CountryMike said:
You could easily turn that around and tell companies to deal with piracy because "it's life"
And that's what the smart ones do.
Times are changing and those who don't change with them will become extinct. Like dinosaurs
The difference is clear. The company is well within their legal and moral rights. It's their product, they can sell it with NO advertising if they like. They can choose not to hand out review copies to published reviewers. They can choose not to have box art, demos, or anything. And they can charge what they like.
Your choices as a consumer are a) buy or b) don't buy. If you buy and then regret it, neither party has stepped outside the legal or moral right. Any unfortunate side effects (called "buyers' remorse") are just part of the learning process. You can make different choices in the future, or petition the company to offer more information in the future. Or just wait longer and ask people who are playing the game.
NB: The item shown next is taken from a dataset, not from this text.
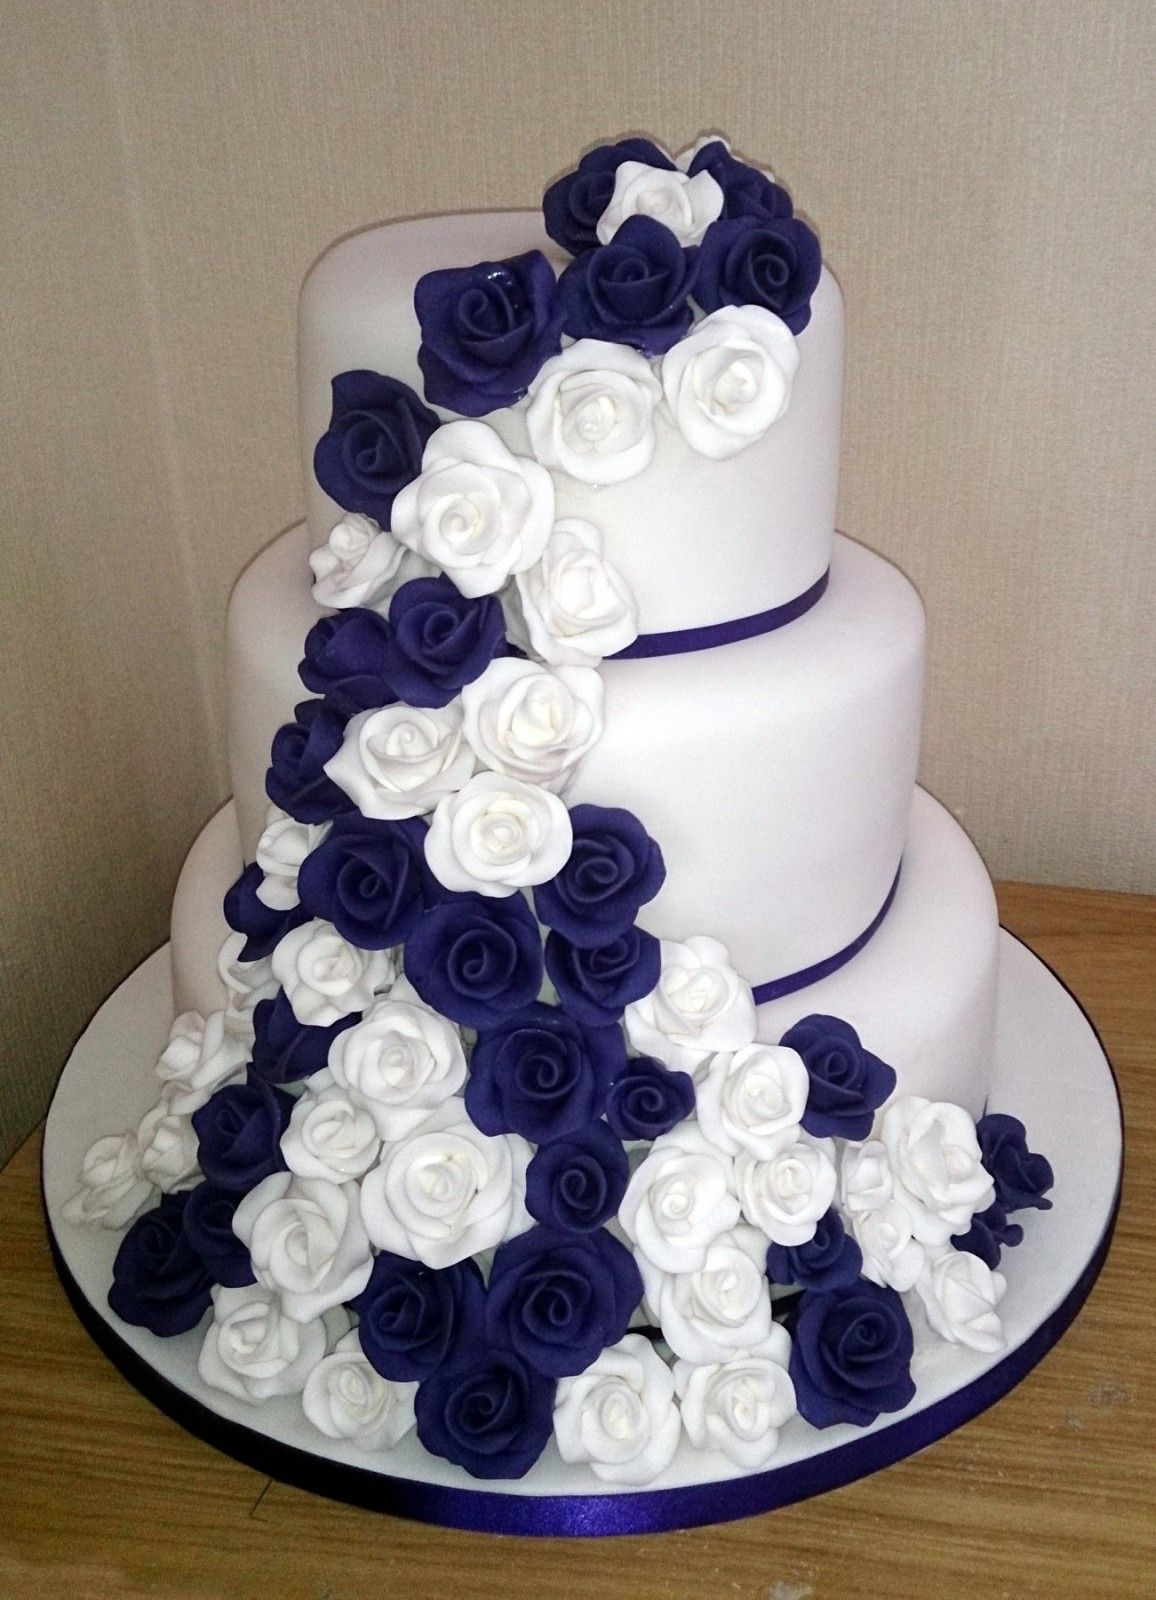 3 tier white and purple rose wedding cake | tortas ...

There are a multitude of sources of information available to prevent most cases of "This isn't what I thought it was." It's just that greed and impatience motivate folks to skip those, and then the same greed and impatience motivate them to blame their own impulsive mistakes on others.
If you pirate it, you ARE stepping outside your rights. It's not your program to take, to copy, or to distribute. It's someone else's. That is the clear difference when it comes to trying to tell the developer's "That's just life." No, it's feeble-minded justification from selfish brats who feel entitled to forcibly take things that are not theirs.